SUPPLIED INFORMATION
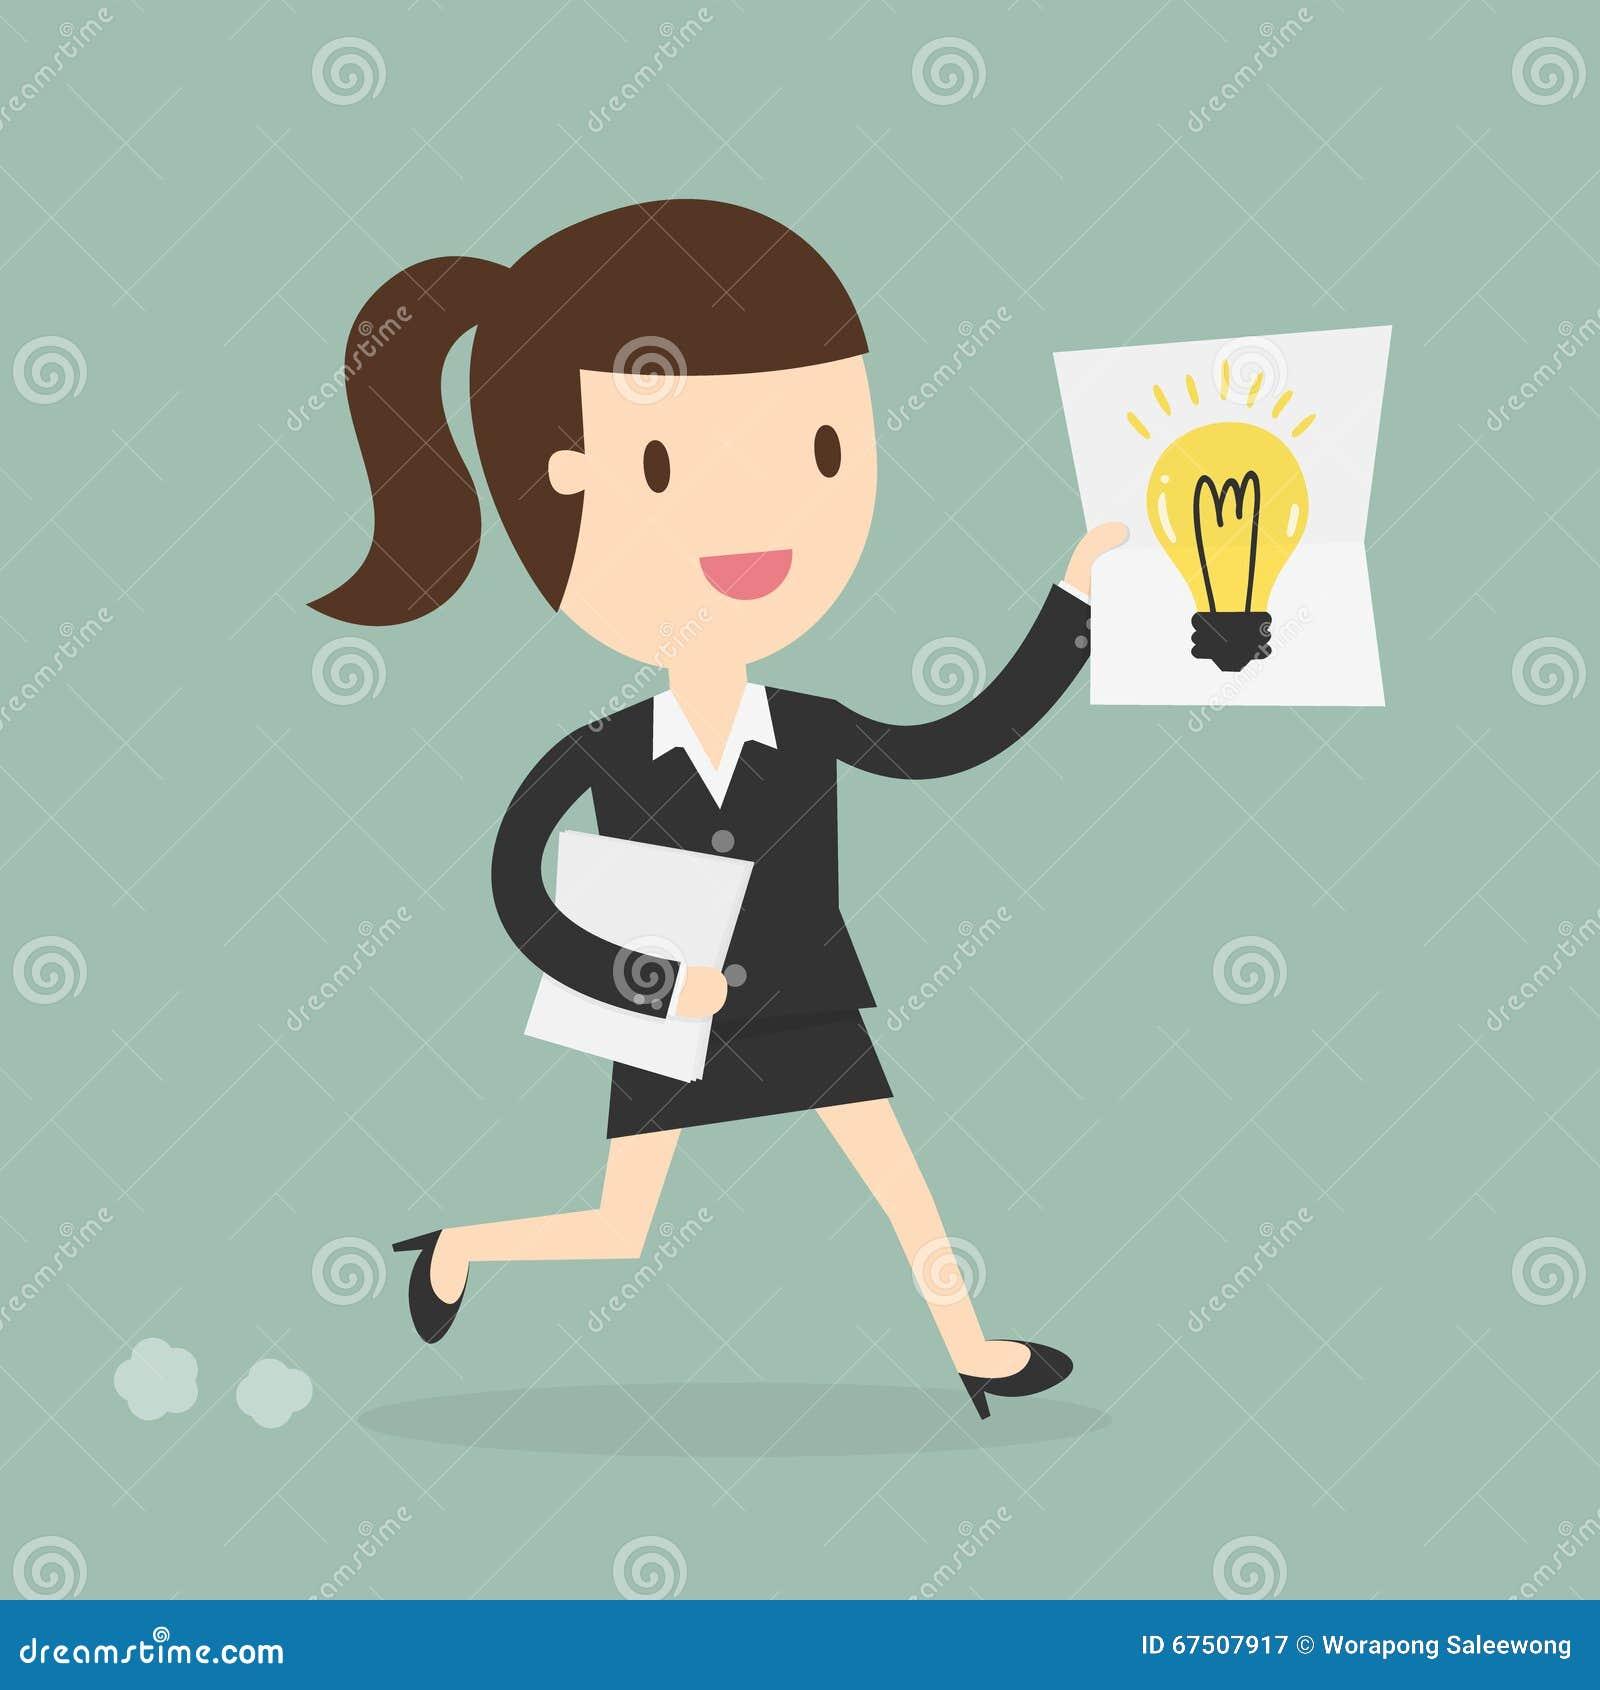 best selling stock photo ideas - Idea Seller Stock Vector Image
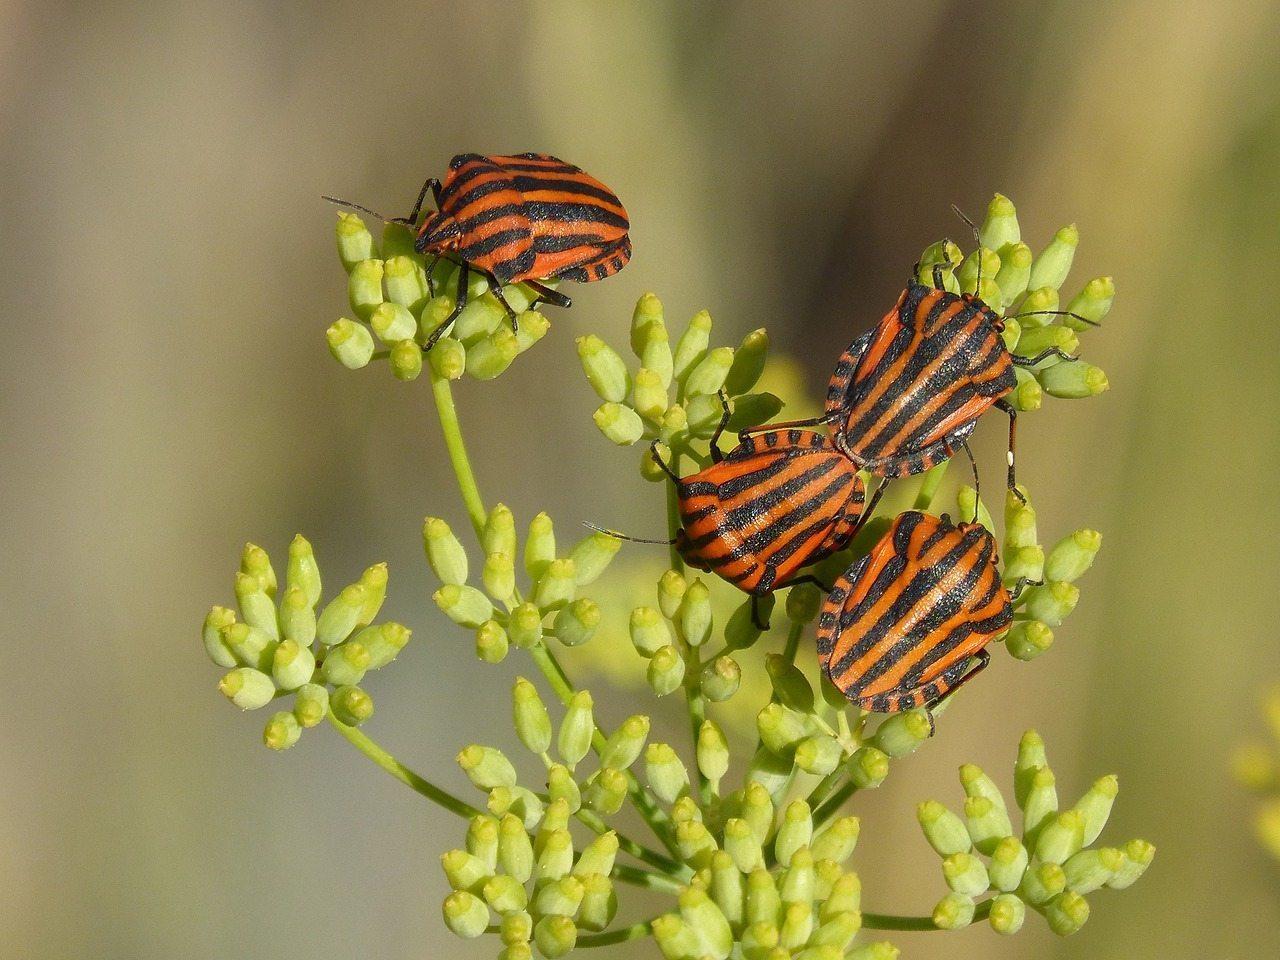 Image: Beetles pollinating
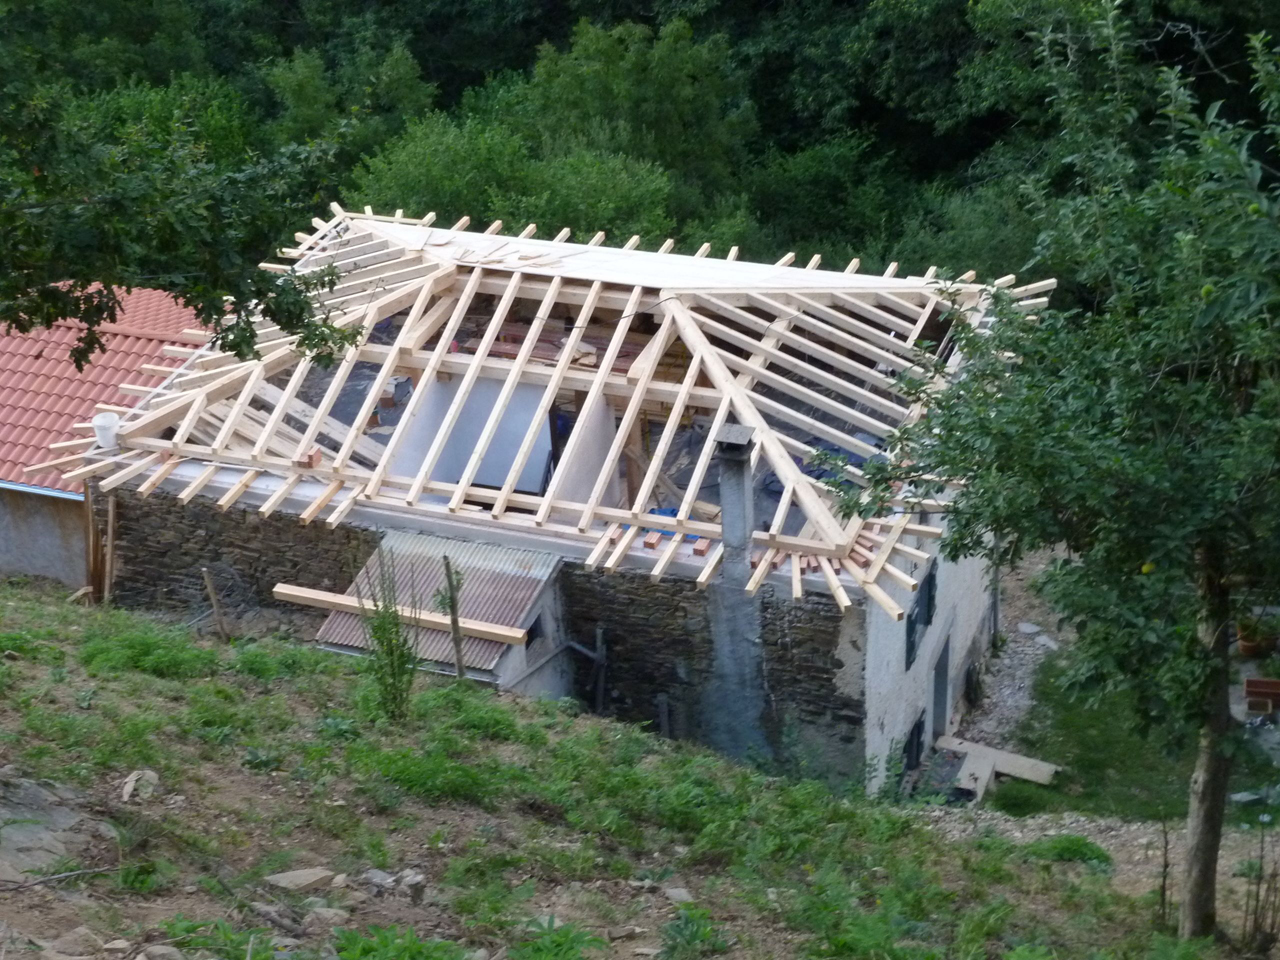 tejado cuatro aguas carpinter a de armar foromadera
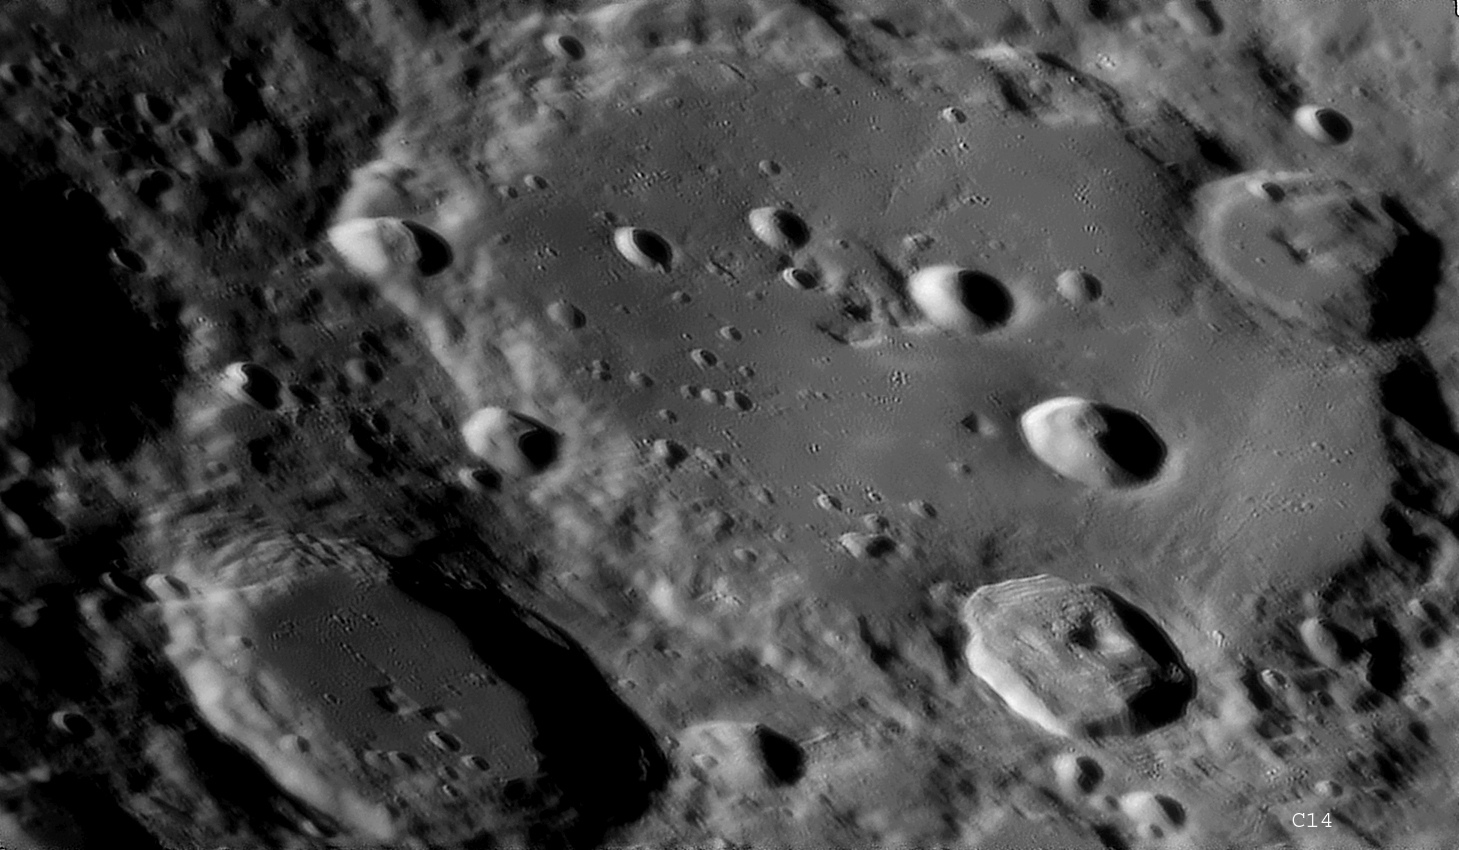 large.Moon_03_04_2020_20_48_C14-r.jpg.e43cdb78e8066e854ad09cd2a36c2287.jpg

EXERCISE REQUIREMENTS
In your copy, include no pictures; print every line above exactly.

SOLUTION TO THE PROBLEM
 best selling stock photo ideas - Idea Seller Stock Vector Image
 Image: Beetles pollinating
 tejado cuatro aguas carpinter a de armar foromadera
 large.Moon_03_04_2020_20_48_C14-r.jpg.e43cdb78e8066e854ad09cd2a36c2287.jpg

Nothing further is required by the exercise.